WORK INSTRUCTIONS: Exact copy, pictures excluded: write out every line below.

INFORMATION PROVIDED:
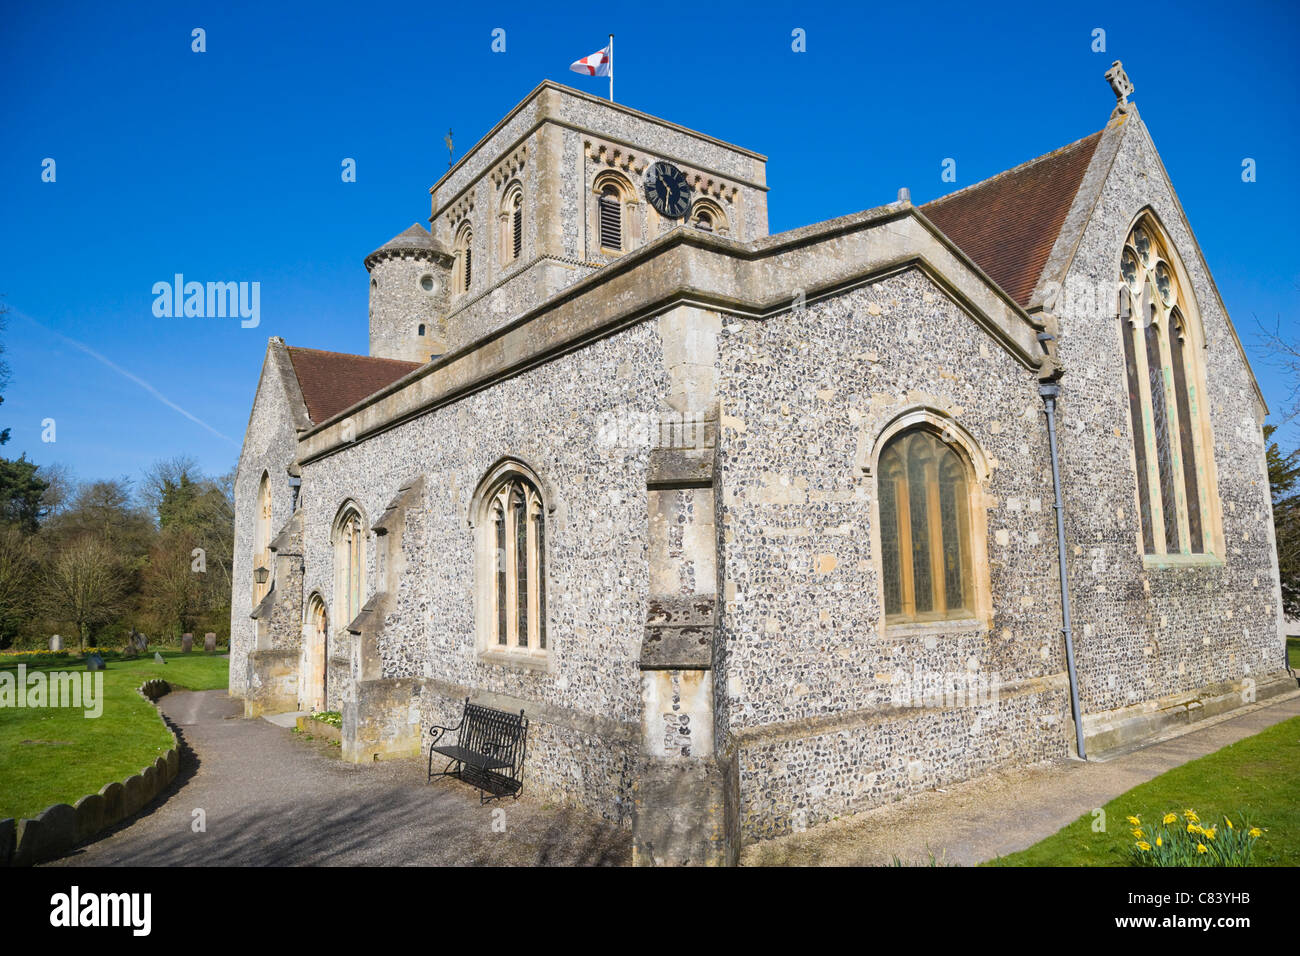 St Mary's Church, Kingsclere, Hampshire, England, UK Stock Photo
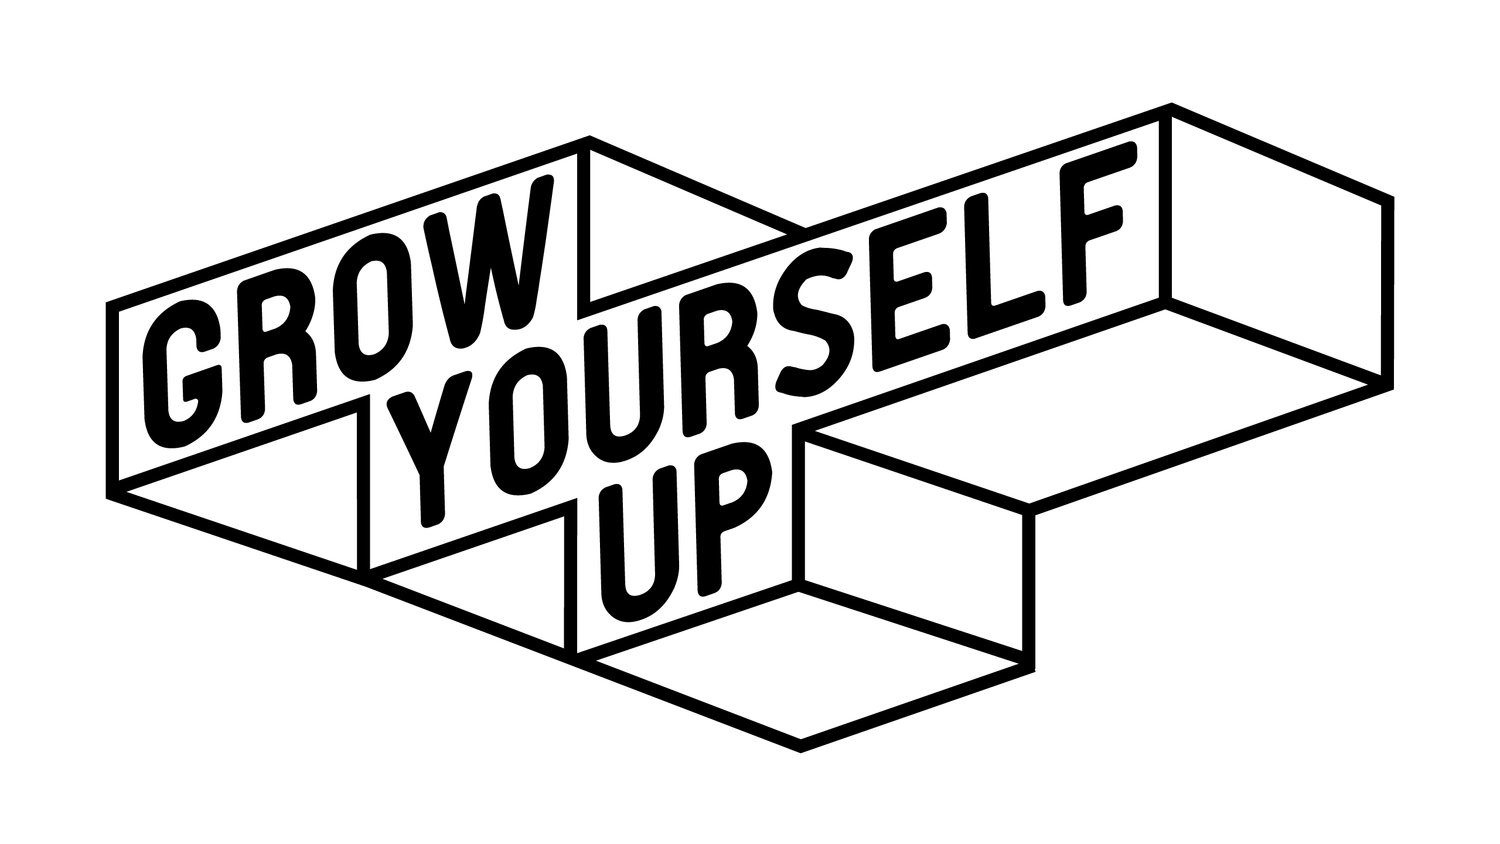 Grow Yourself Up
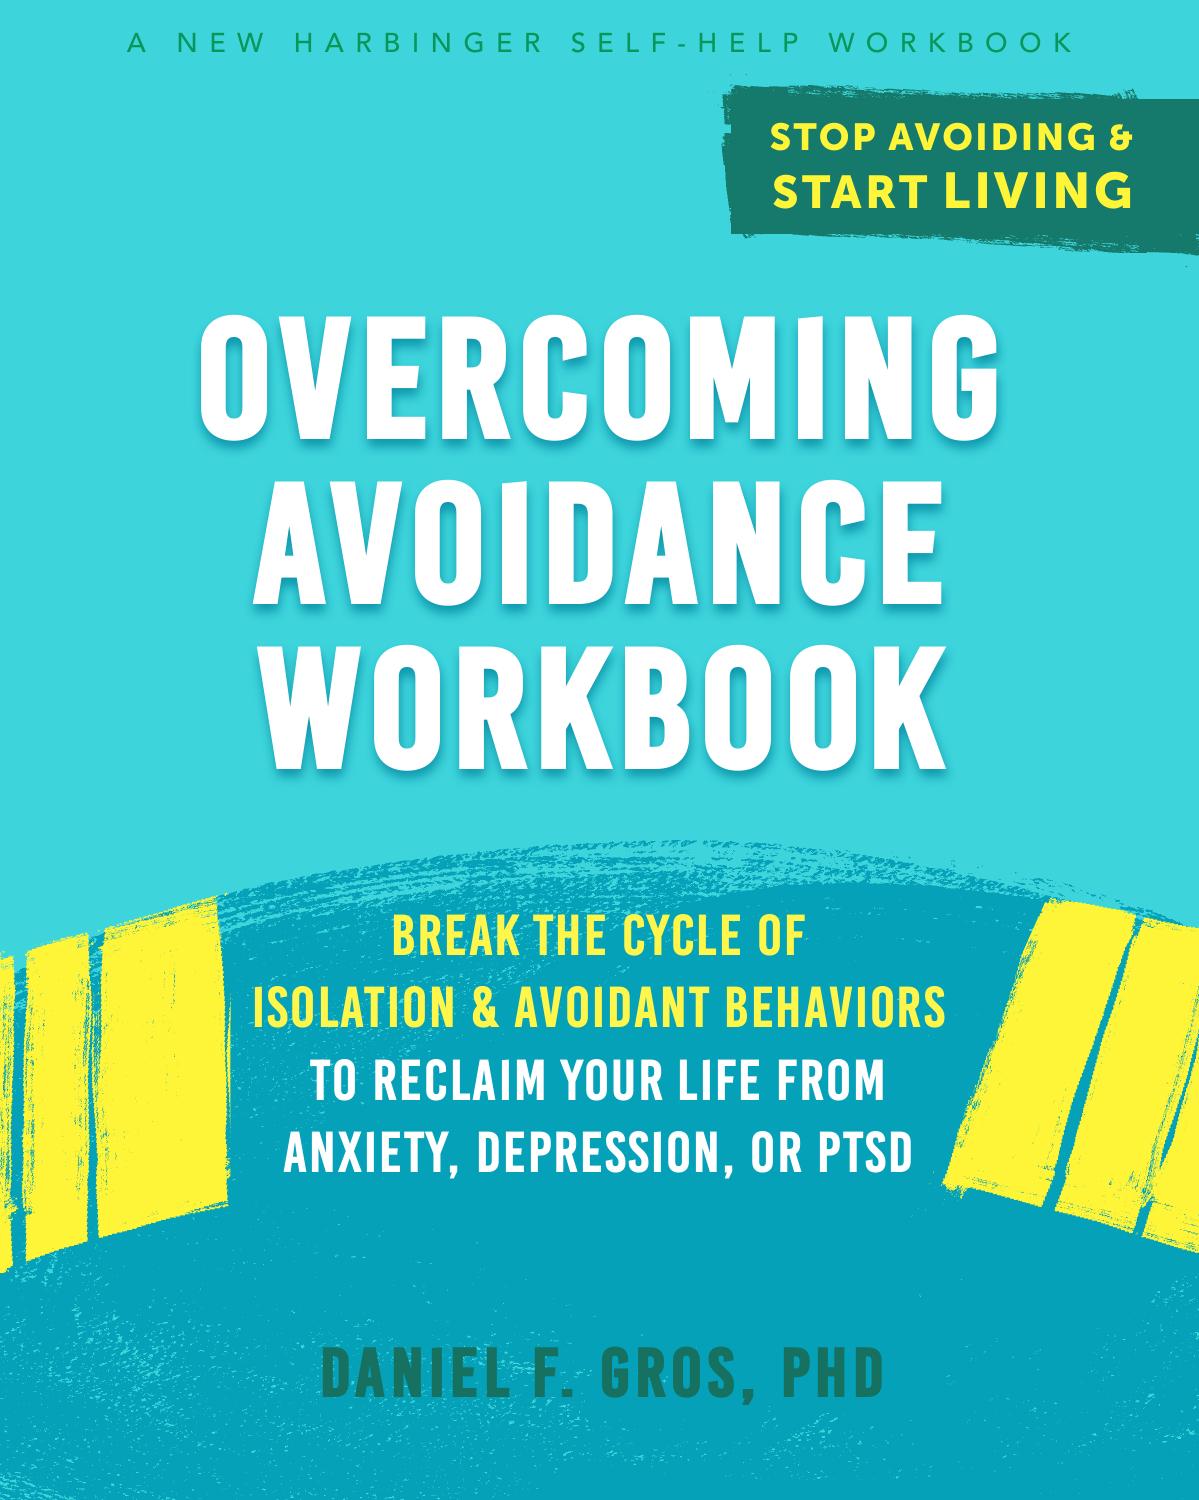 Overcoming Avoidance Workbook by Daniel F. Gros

FINAL ANSWER:
 St Mary's Church, Kingsclere, Hampshire, England, UK Stock Photo
 Grow Yourself Up
 Overcoming Avoidance Workbook by Daniel F. Gros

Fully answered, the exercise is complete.